Wide-format prints, in contrast, are easier and more cost-effective to produce and offer greater versatility for many different types of signage applications, including posters, floor graphics, building wraps, vehicle graphics, murals, banners, backlit displays and production backdrops. And a well-executed placement of a wide-format print can achieve far greater overall visibility than a series of screens displaying video content.

With these factors in mind, there has been a recent trend of printed and digital displays coexisting successfully in shopping malls, transportation hubs and public areas, exploiting the respective benefits of each medium.

Reformulating solvent inks
Technological advances in wide-format printing will continue to change the way people think about signmaking by simplifying processes to produce high-quality jobs ahead of schedule, allowing sign shops to take on more projects and increasing their bottom line.
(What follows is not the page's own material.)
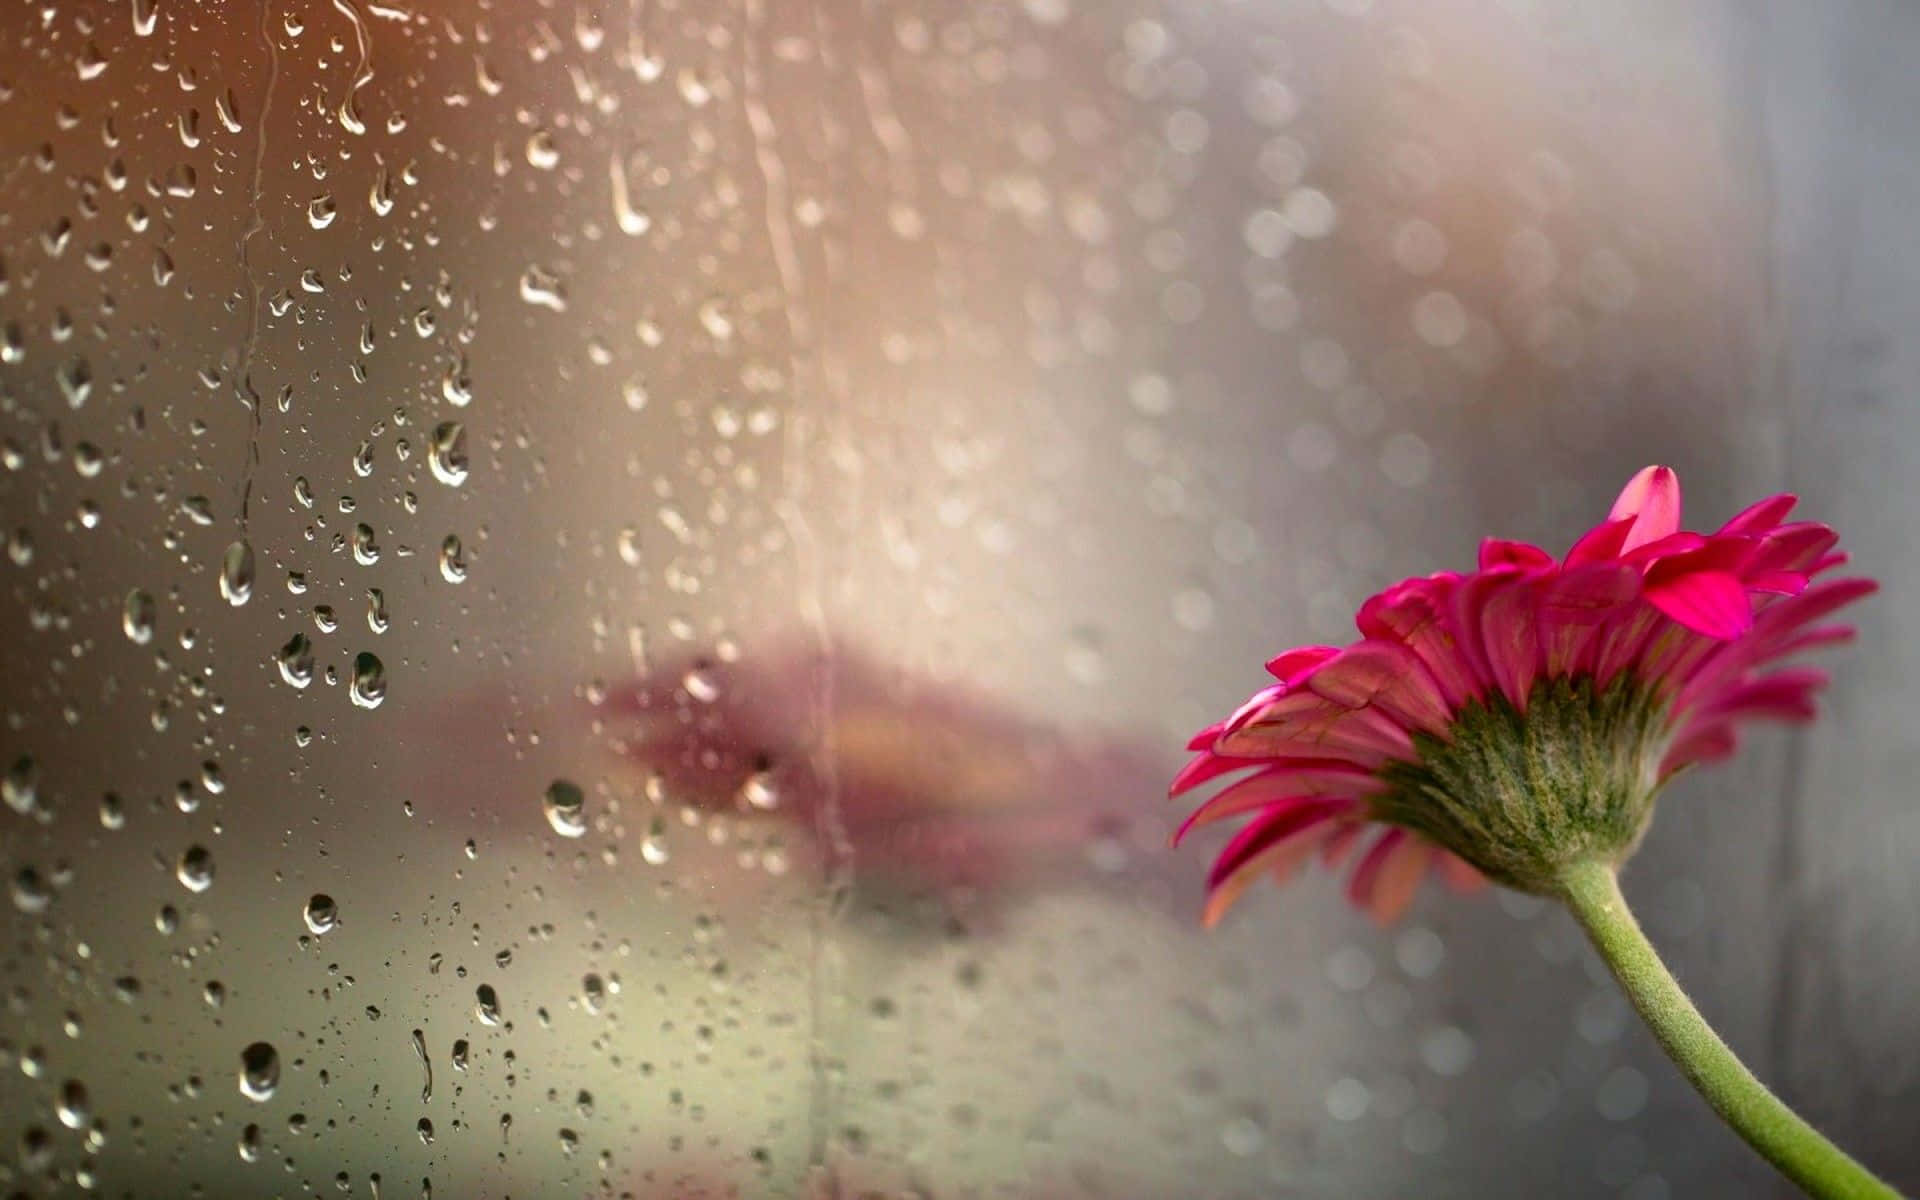 Let the soothing sound of a gentle rainfall relax and calm you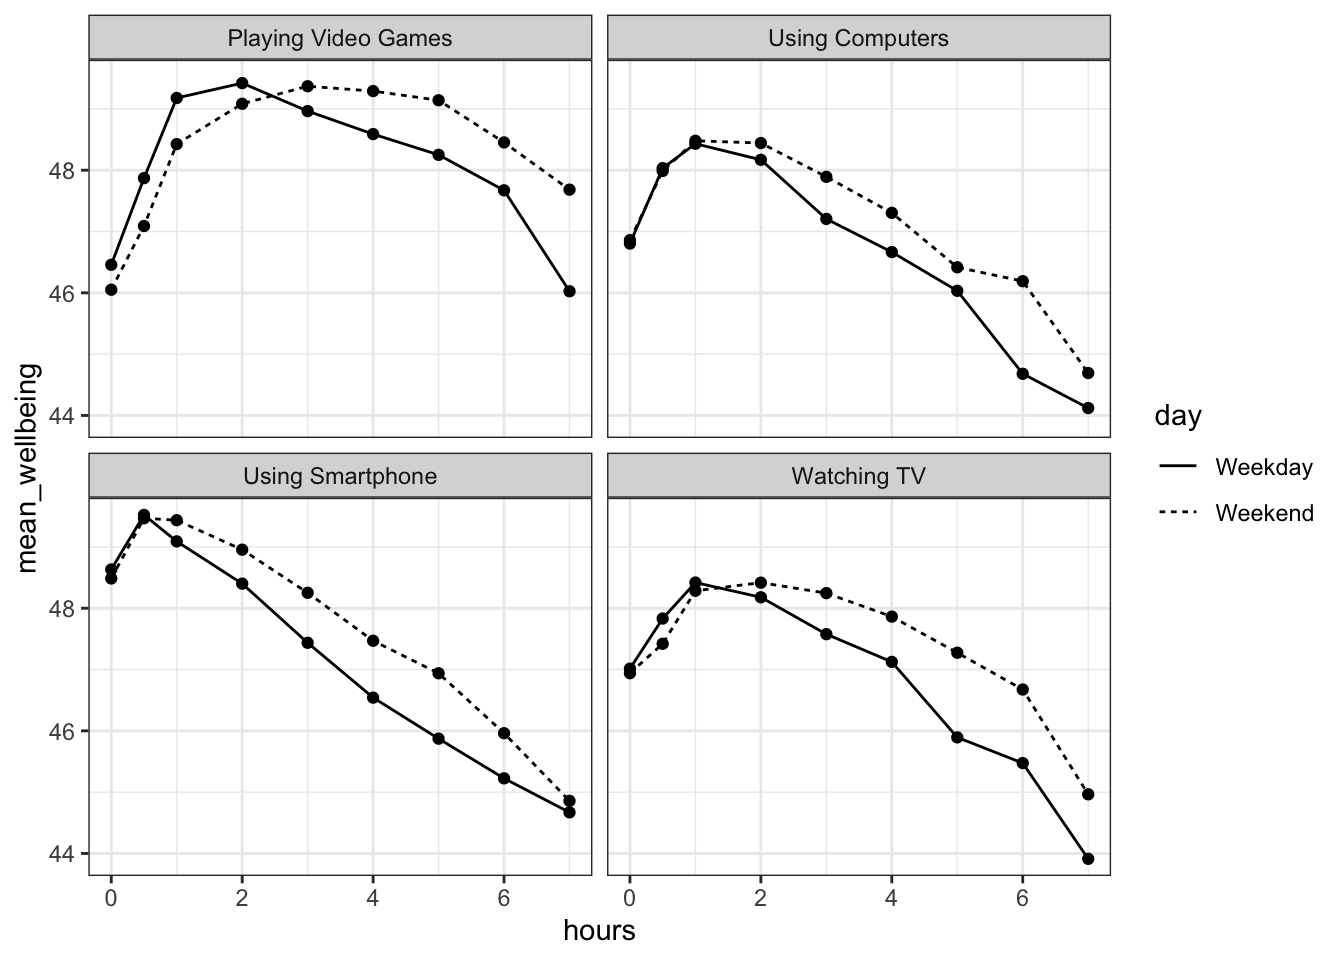 Scatterplot showing the relationship between screen time and mean well-being across four technologies for Weekdays and Weekends

Indeed, wide-format printing has come to represent its own industry sector, which is adapting as new technologies emerge. Manufacturers are focusing on innovative printing configurations with relation to greater energy efficiency, cost-effectiveness and output appeal.

Solvent ink manufacturers are improving formulations to make them less harmful for the environment and for people’s health.

Solvent ink manufacturers are improving formulations to make them less harmful for the environment and for people’s health.

One example of a stable, reliable, proven technology that is now seeing further improvements is solvent-based inkjet printing. While solvent inks are already cost-effective and highly flexible, enabling printing on a wide range of uncoated vinyl substrates for everything from billboards to vehicle wraps, signmakers are demanding still-better image quality, faster printing speeds, reduced total cost of ownership (TCO) and improved printhead designs with less need for maintenance.

Only by keeping these demands in mind can advances in solvent ink and printhead technologies deliver sufficient value, performance and quality to the sign, vehicle graphics and fine-art reproduction markets.